*** Begin section ***
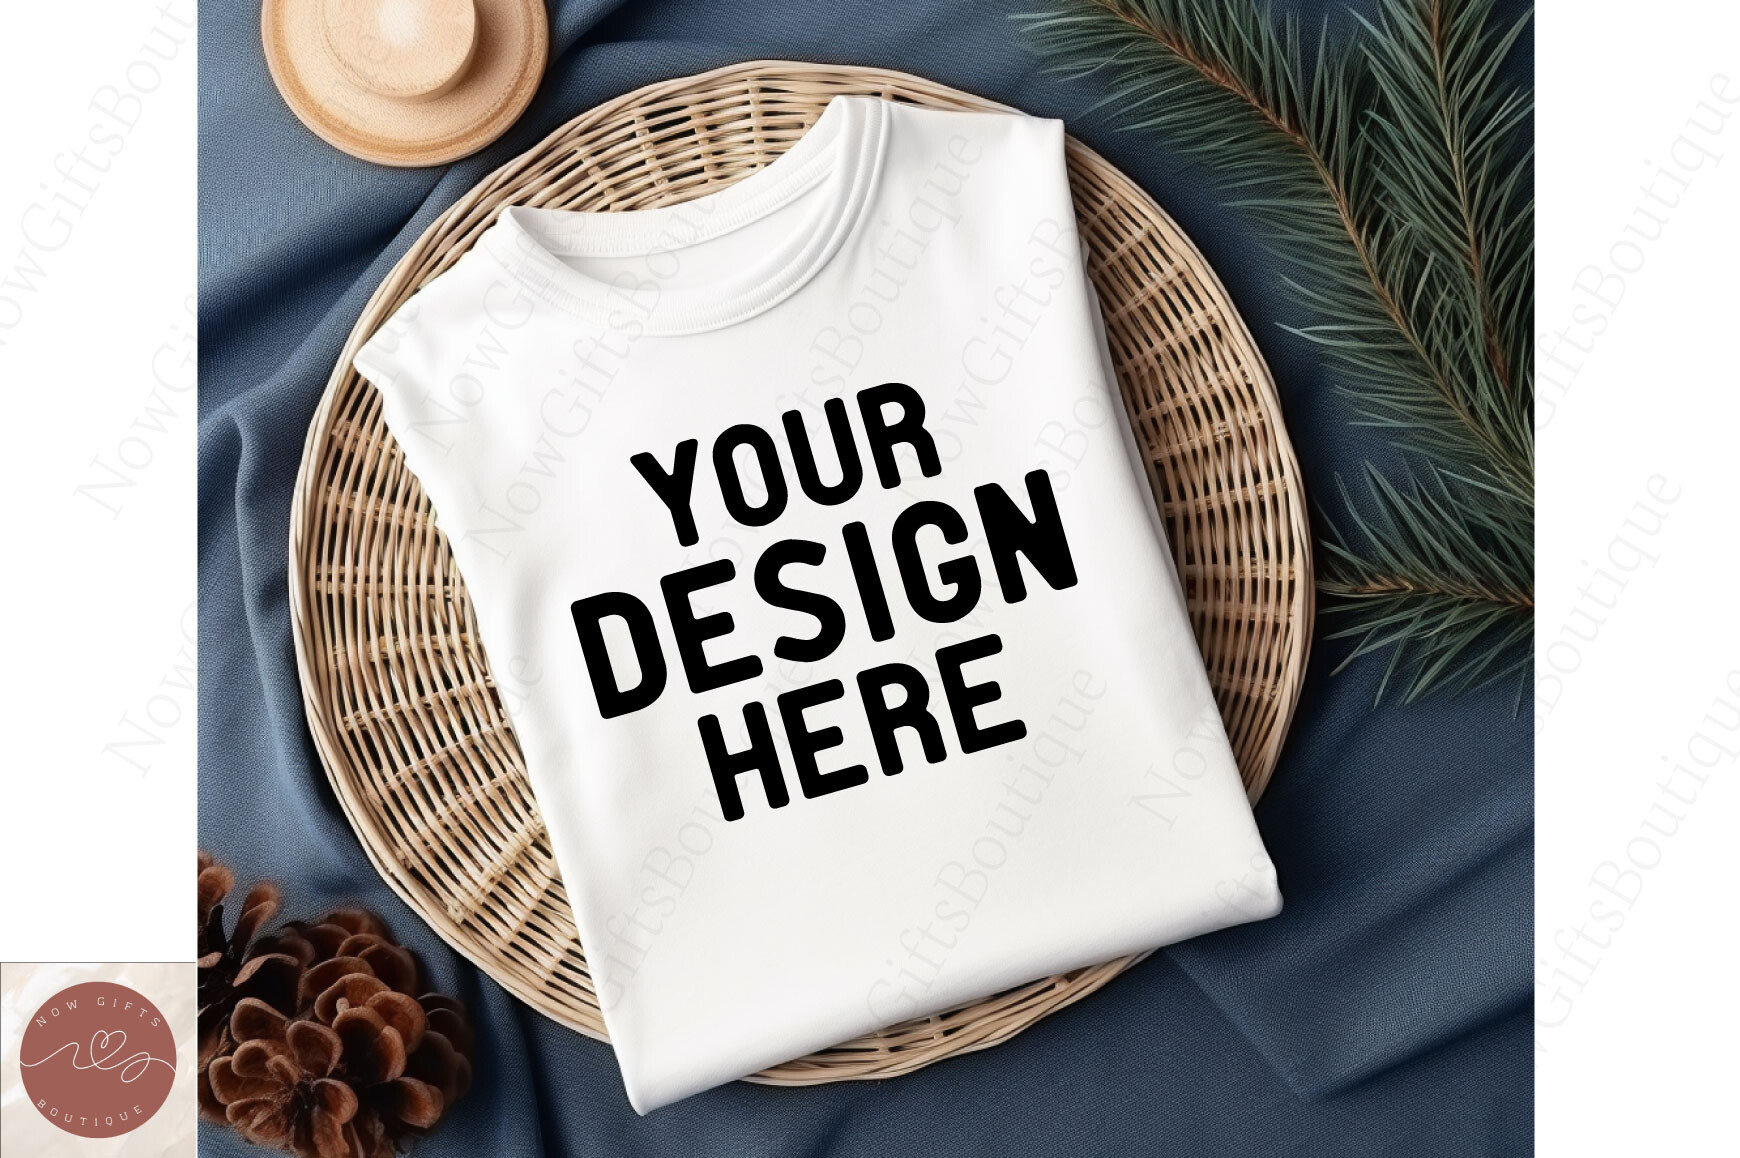 Gildan 18000 Christmas Tshirt Mockup Graphic by NowGiftsBoutique ...
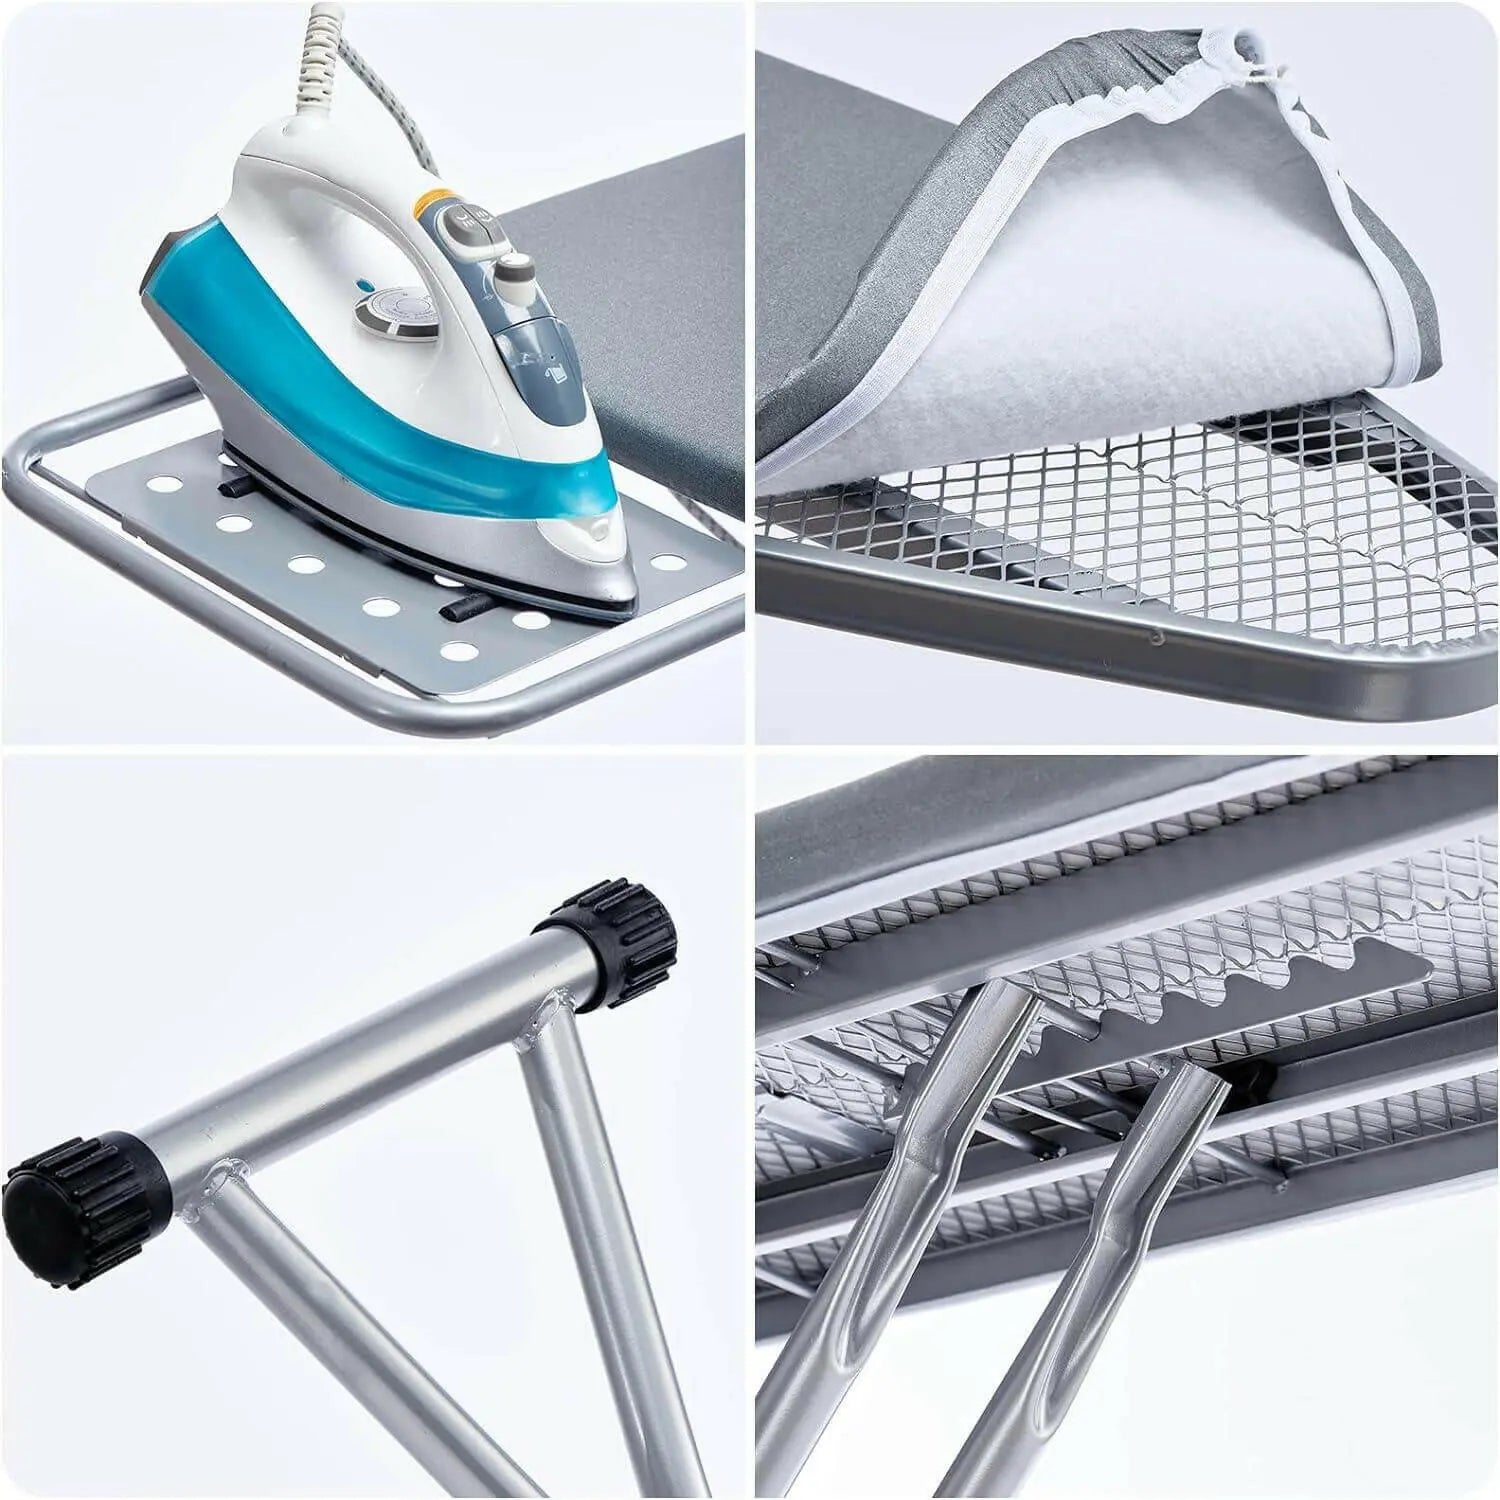 Ironing Board, Heat Resistant Cover Iron Board
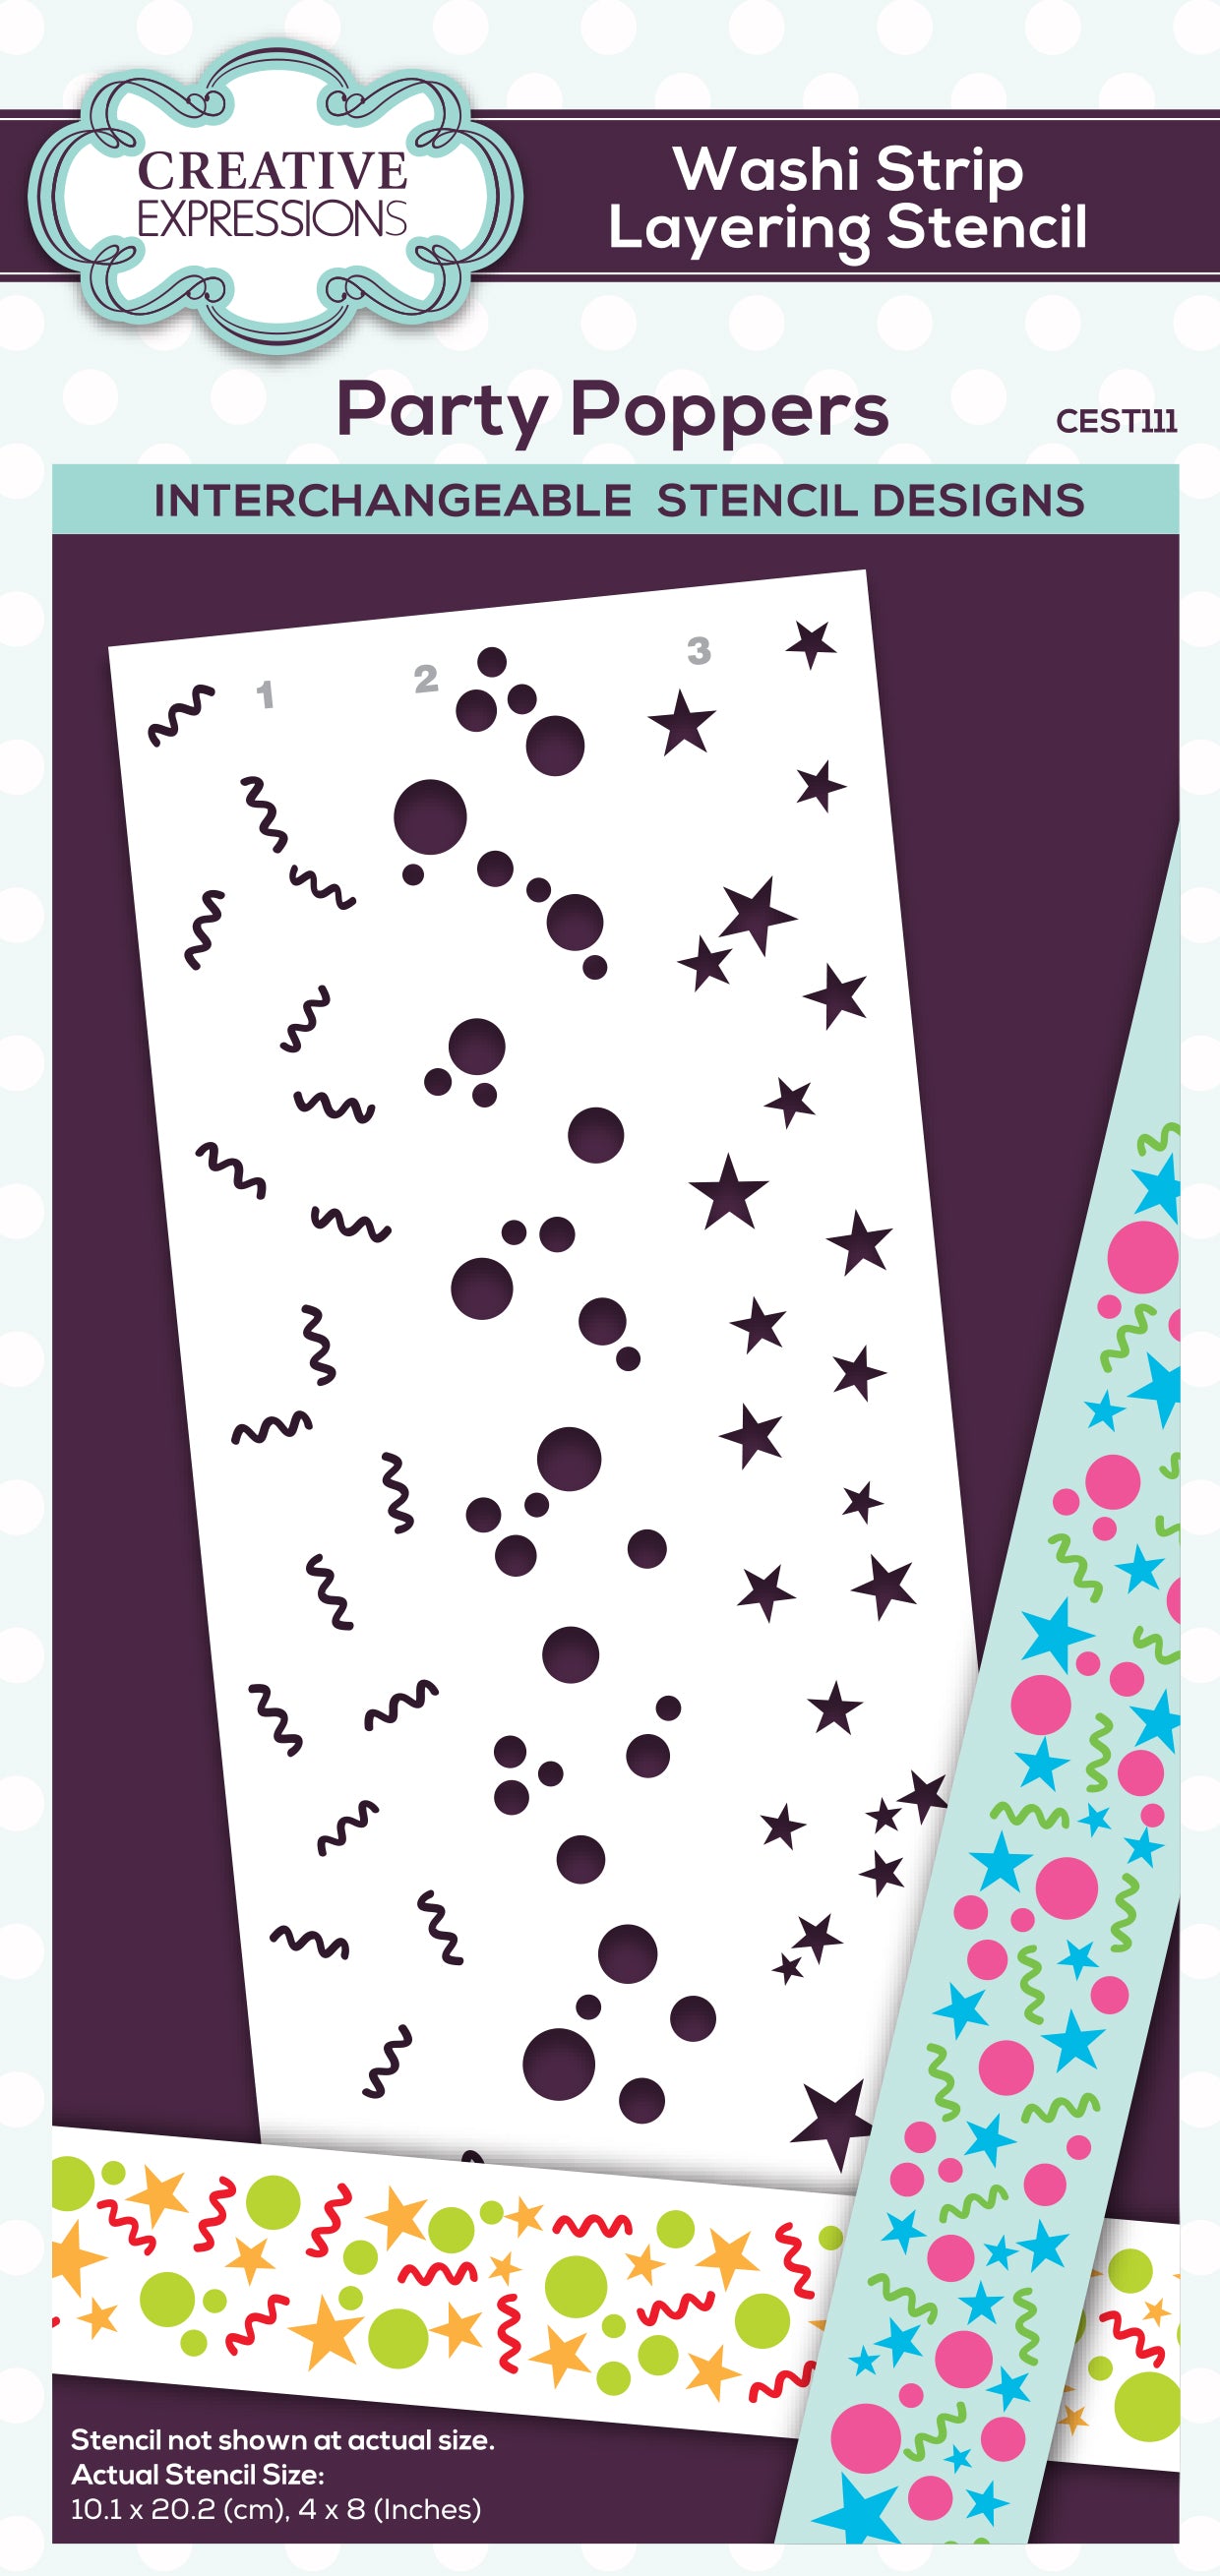 Creative Expressions Party Poppers Washi Strip Layering Stencil
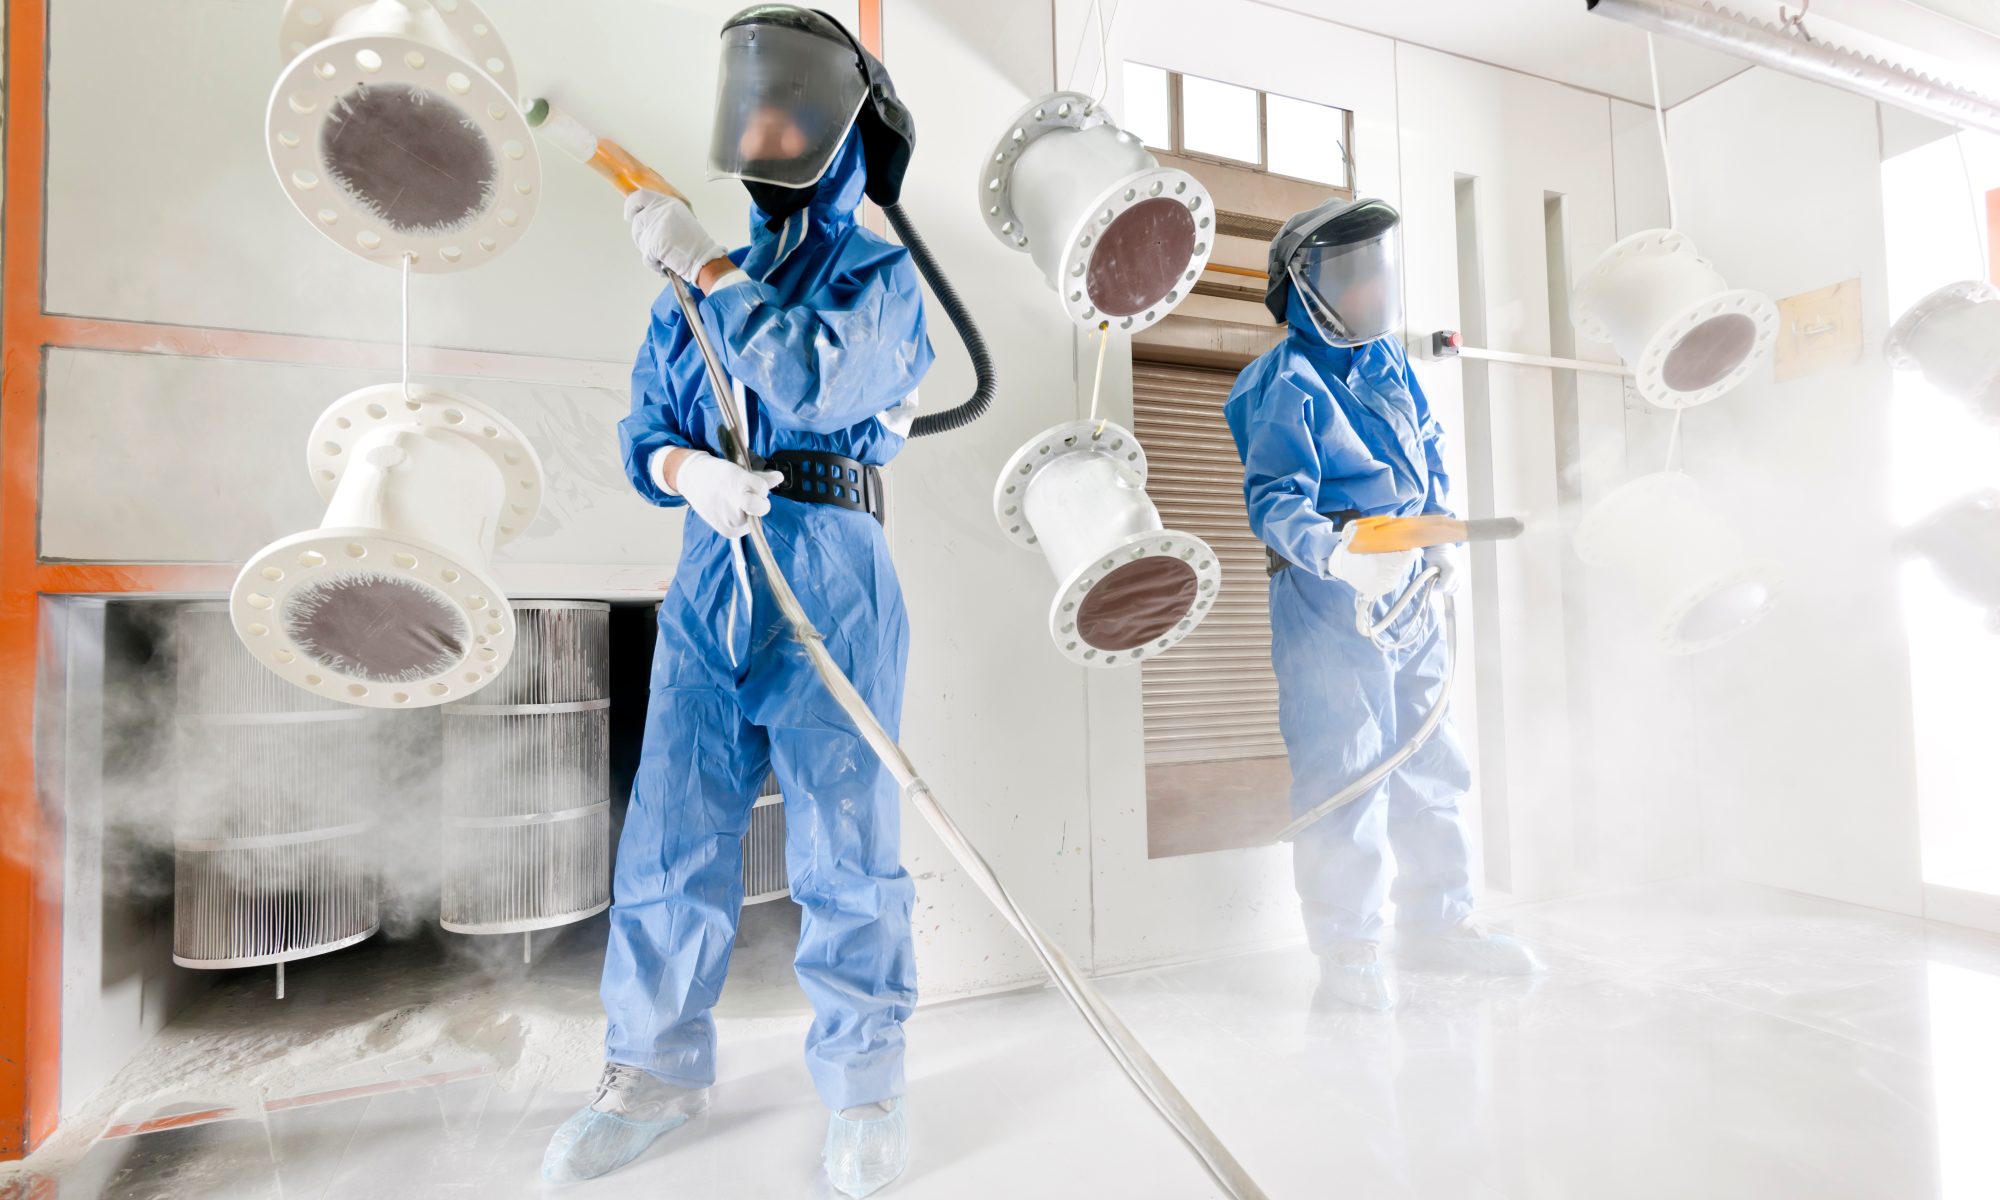 Two men in full paint suits and facemasks spray down tubing with powder-coating materials
*** End section ***
[Your objective]:
Every line from the line containing "Creative Expressions Party" through the last line above is to be printed exactly. Pictures are not copied.

[Task solution]:
 Creative Expressions Party Poppers Washi Strip Layering Stencil
 Two men in full paint suits and facemasks spray down tubing with powder-coating materials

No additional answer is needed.